**About this task**
Omit all pictures and transcribe only the lines in the entries below that run from the line with "Pleaser CLASSIQUE-01 Black" through the line with "CUBAN CHAIN Hoop".

**Record set**
───

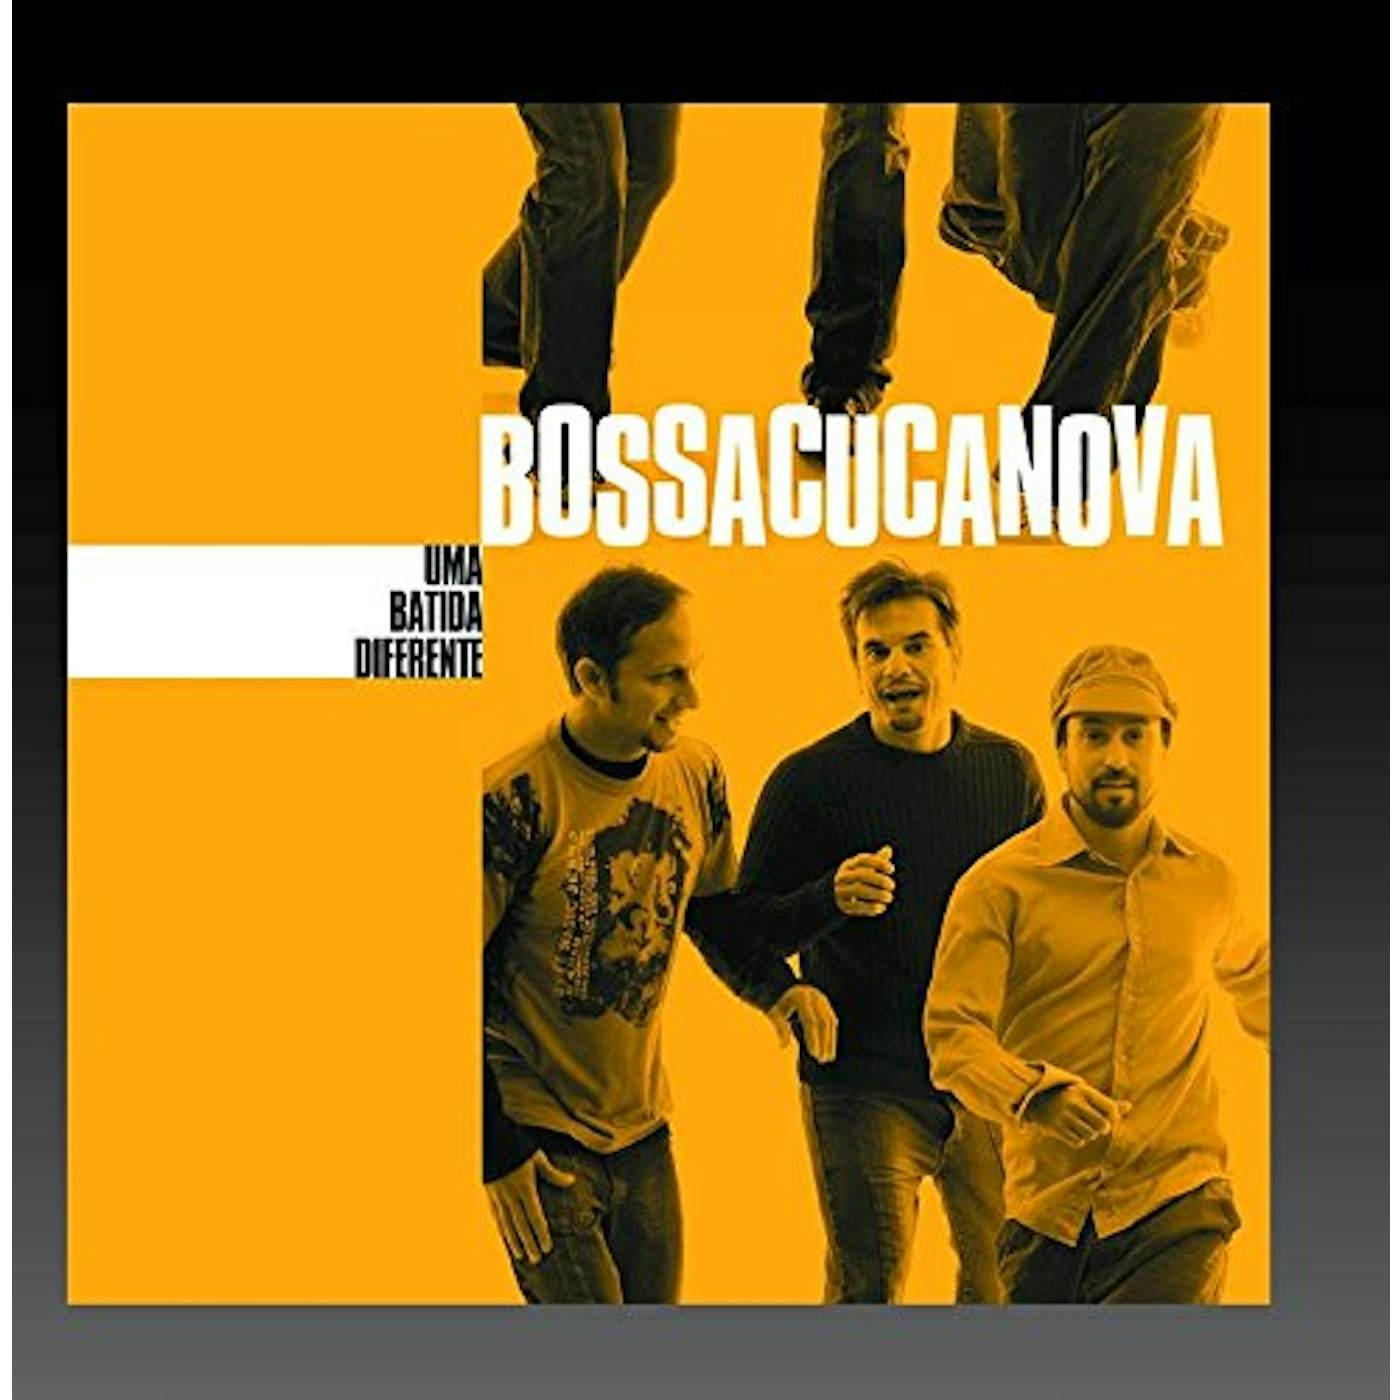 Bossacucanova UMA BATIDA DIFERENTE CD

───

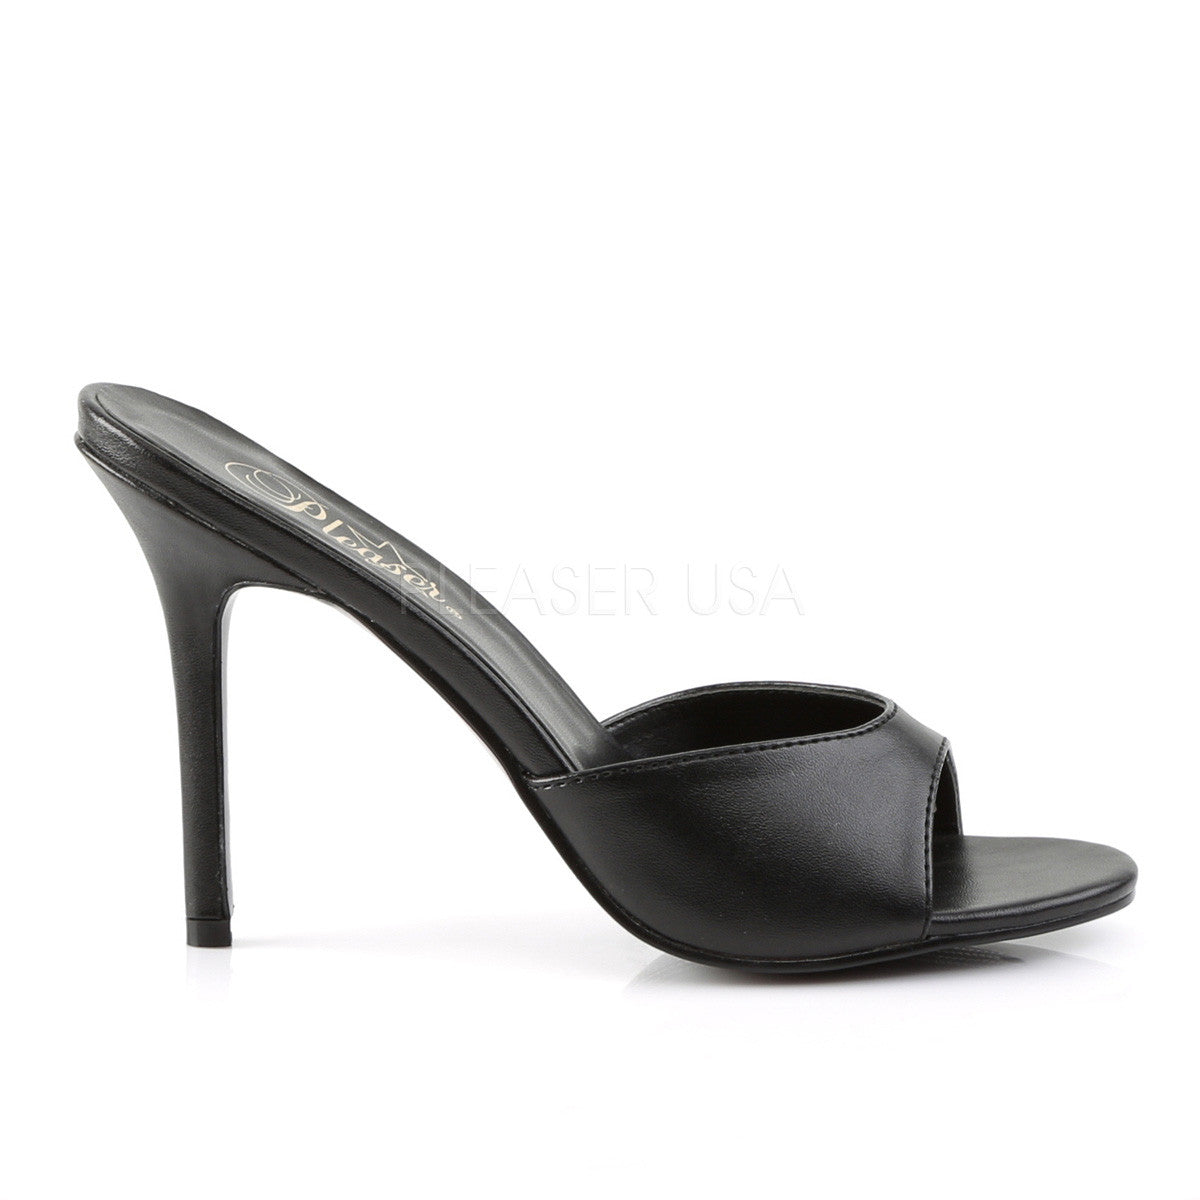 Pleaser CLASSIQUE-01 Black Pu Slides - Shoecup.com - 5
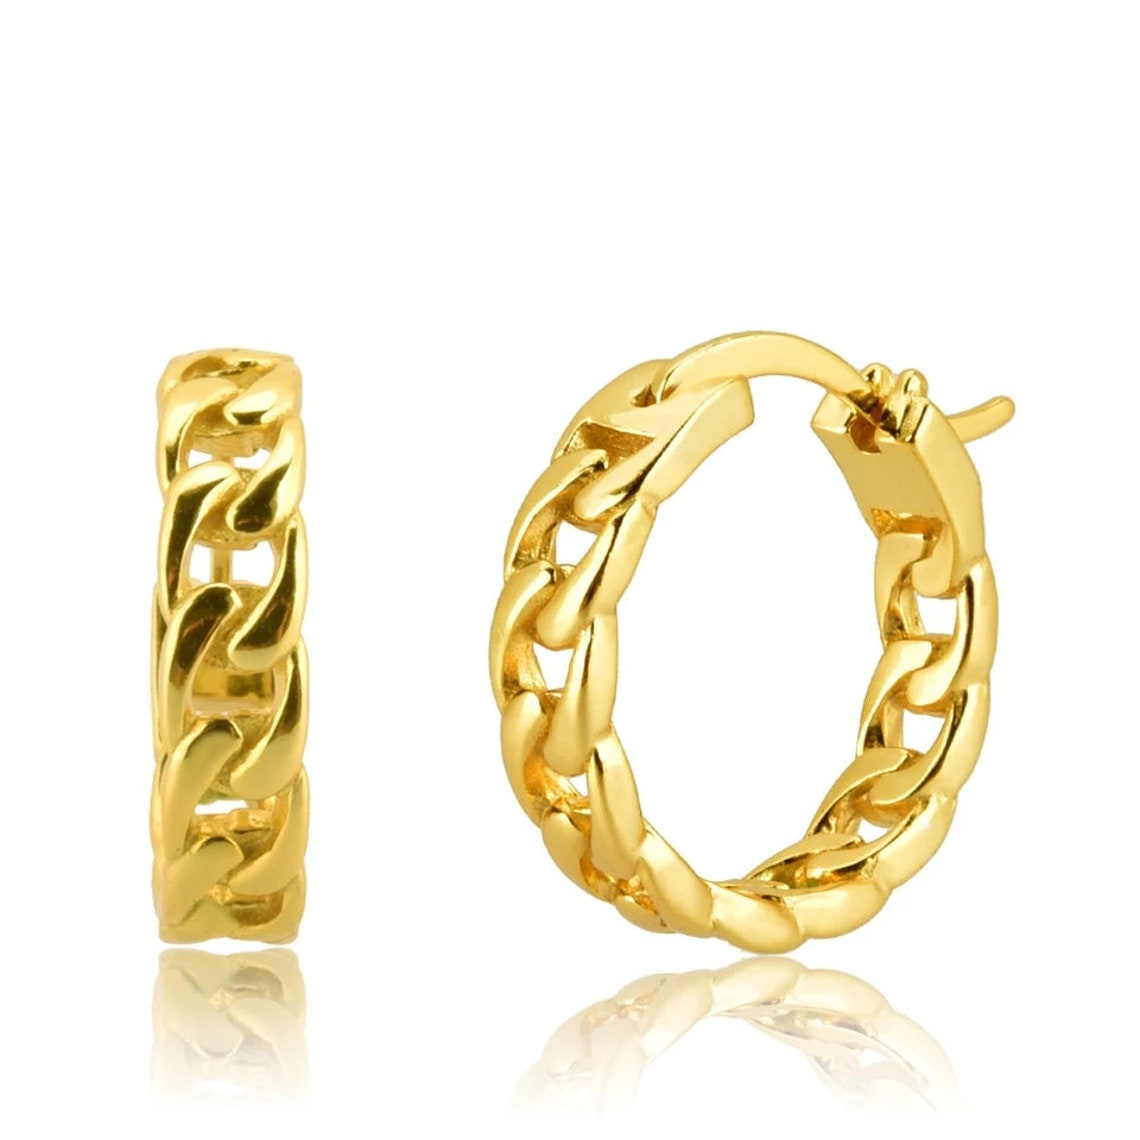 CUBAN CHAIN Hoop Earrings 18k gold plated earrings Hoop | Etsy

───

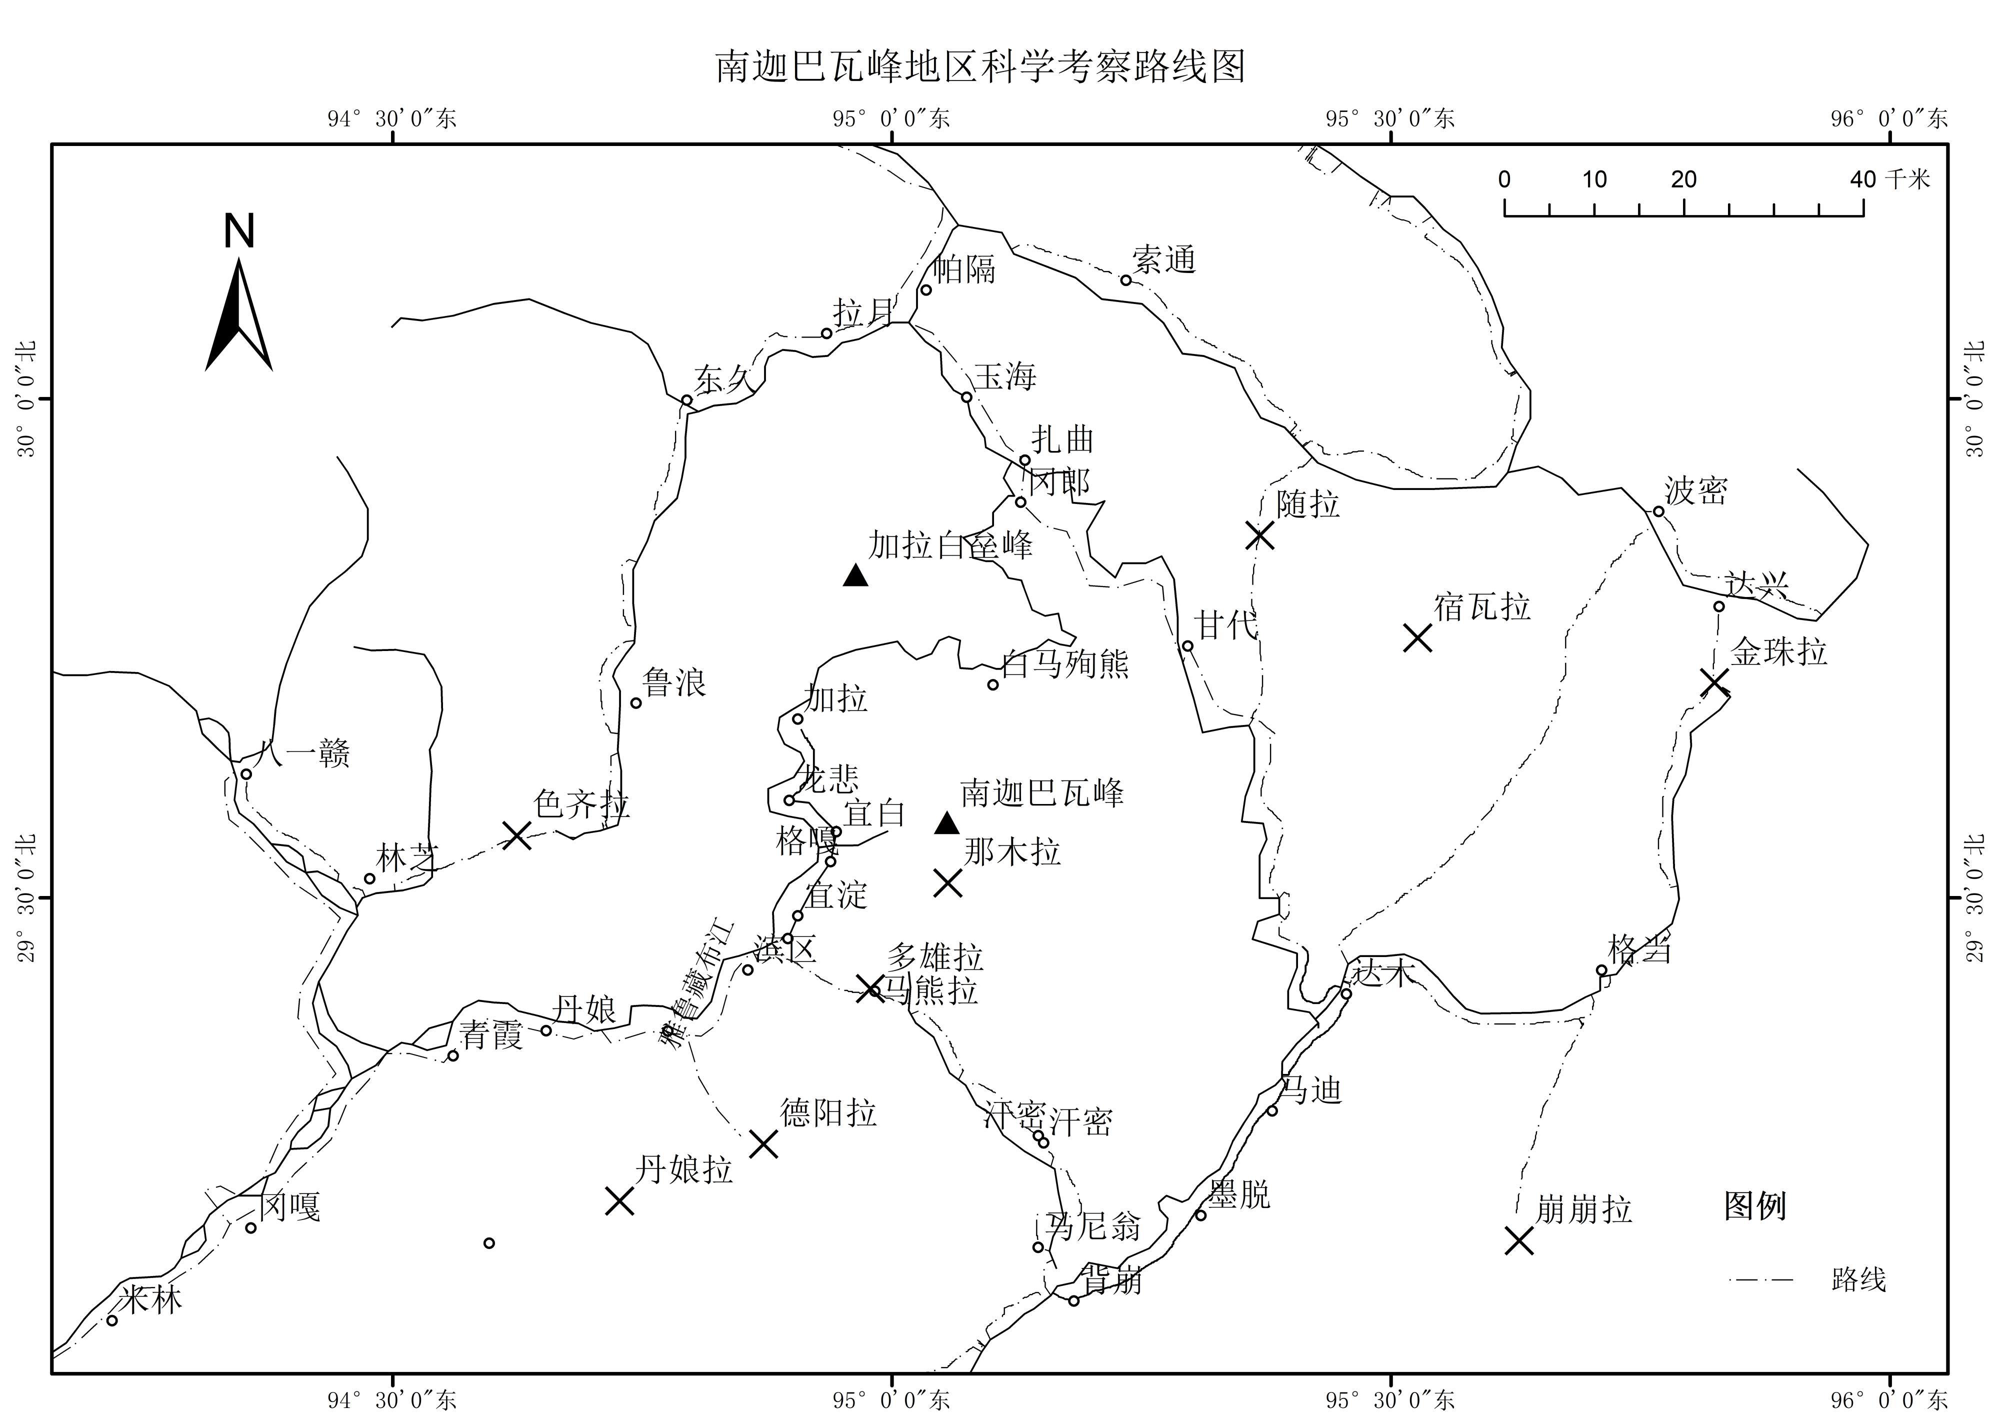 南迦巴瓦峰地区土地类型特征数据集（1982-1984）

───

**Answer space**
 Pleaser CLASSIQUE-01 Black Pu Slides - Shoecup.com - 5
 CUBAN CHAIN Hoop Earrings 18k gold plated earrings Hoop | Etsy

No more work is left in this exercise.